Context window — what it is, why size matters, and the 2018-2025 explosion

What is a context window?

The context window of an LLM is the maximum number of tokens the model can process in a single forward pass — input prompt + retrieved documents + system instructions + the output generation, all counted together. Measured in tokens (roughly 0.75 English words per token). Bounded by two things: the position-encoding architecture decided at training time, and the inference-time memory budget.

Every modern LLM has a context window. The number is one of the most marketed-and-misunderstood specs in AI.

The 2018-2025 explosion

2018 · GPT-1: 512 tokens (~380 words). Could read a paragraph.
2019 · GPT-2: 1,024 tokens. Could read a page.
2020 · GPT-3: 2,048 tokens.
2022 · GPT-3.5 / ChatGPT: 4,096 tokens (~3,000 words).
2023-03 · GPT-4: 8,192 tokens base / 32,768 with -32k variant.
2023-05 · Anthropic Claude 1.3 100k — first jump to 6-figure tokens.
2023-07 · Llama 2: 4,096. The open ecosystem lagged early on.
2023-11 · GPT-4 Turbo: 128,000 tokens (~96,000 words — a short novel).
2024-02 · Gemini 1.5 Pro: 1 million tokens at launch, then 2 million at I/O 2024. Crossed the book-length threshold.
2024-04 · Llama 3: 8,192 → Llama 3.1: 128,000.
2024-07 · Mistral Nemo: 128,000 (Mistral + NVIDIA collab).
2025-02 · Claude 3.7 Sonnet: 200,000.
2025-03 · Gemma 3: 128,000 — open-weight 128k joins the field.

The 5 architectural enablers

RoPE (Rotary Position Embedding). Most 2023+ LLMs use RoPE. Enables context extension via position-interpolation (PI), NTK-aware scaling, YaRN. Foundational to Llama 2/3, Mistral, Qwen.
ALiBi (Attention with Linear Biases). Alternative to RoPE. Used by MPT, BLOOM. Cleaner extrapolation but slightly worse base quality.
FlashAttention + variants.
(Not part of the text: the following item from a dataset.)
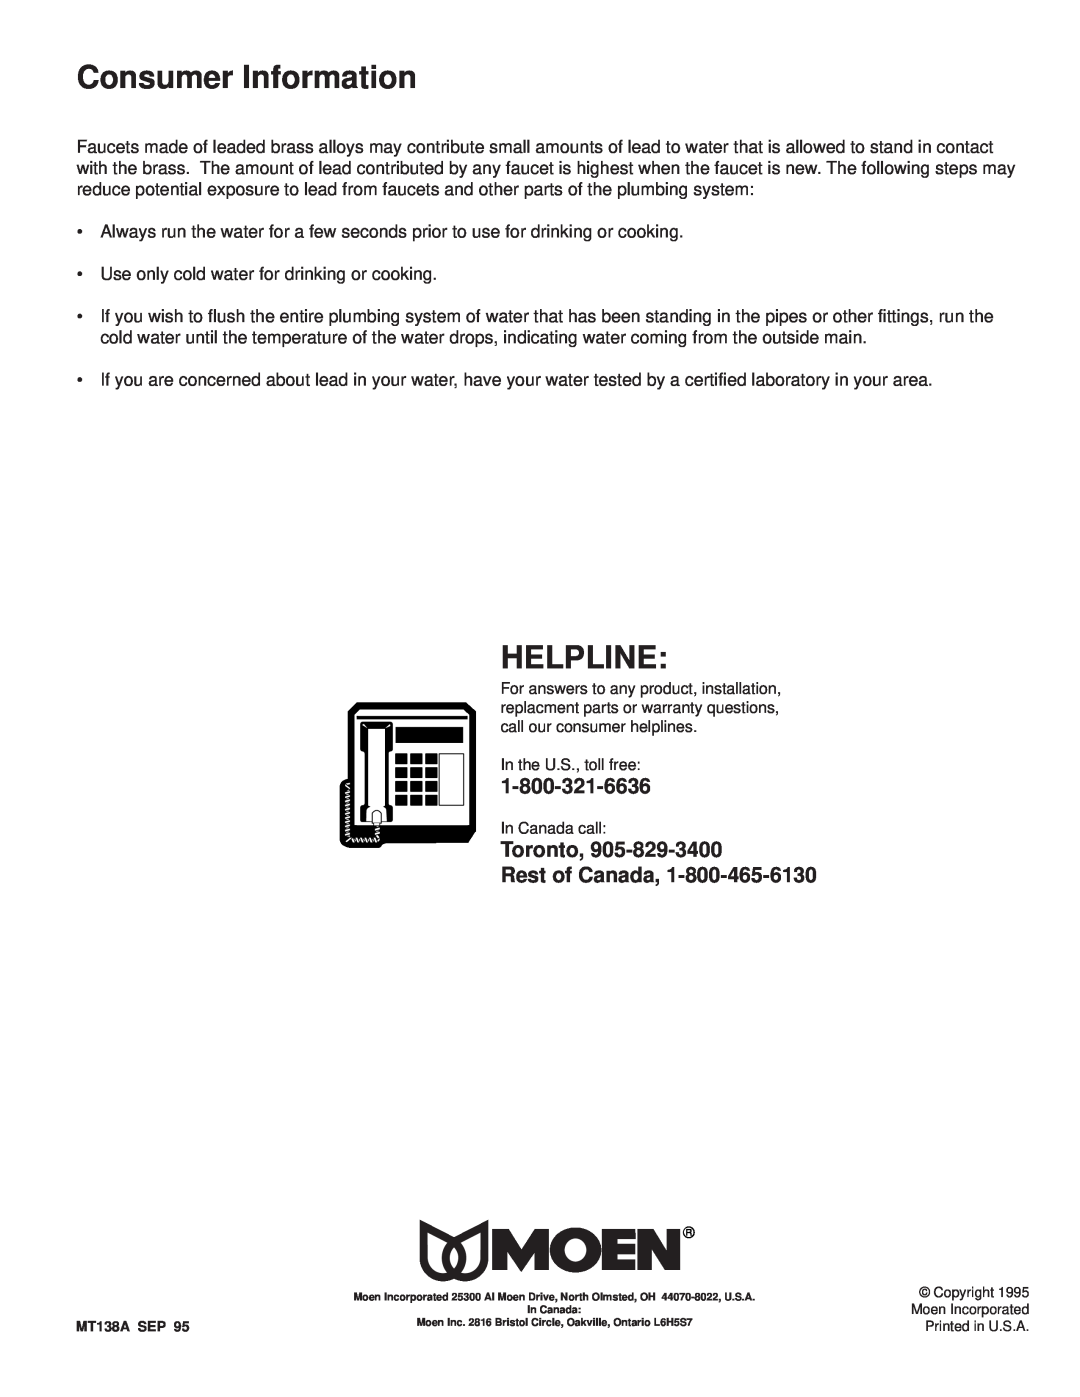 Moen MT138A installation instructions Consumer Information, Helpline, Toronto, Rest of Canada

I/O-aware attention (Dao et al. Stanford 2022) makes attention tractable at long lengths. FlashAttention-2 (2023) and FlashAttention-3 (2024) extend further.
Sliding-window attention. Mistral 7B (2023) introduced 4k effective sliding window with 32k total context. Trades global access for tractable compute.
Ring Attention + Striped Attention. Distributed attention computation across multiple GPUs, enabling Gemini 1.5 Pro's 2M tokens (Liu et al. 2023).

The "Lost in the Middle" problem

Liu et al. (Stanford 2023) showed empirically that even when a model nominally has a 100k+ context, recall on facts buried in the middle of long inputs degrades sharply. Position-of-fact-in-context vs accuracy plots typically show a U-shape: best at start, second-best at end, worst at the middle 50%.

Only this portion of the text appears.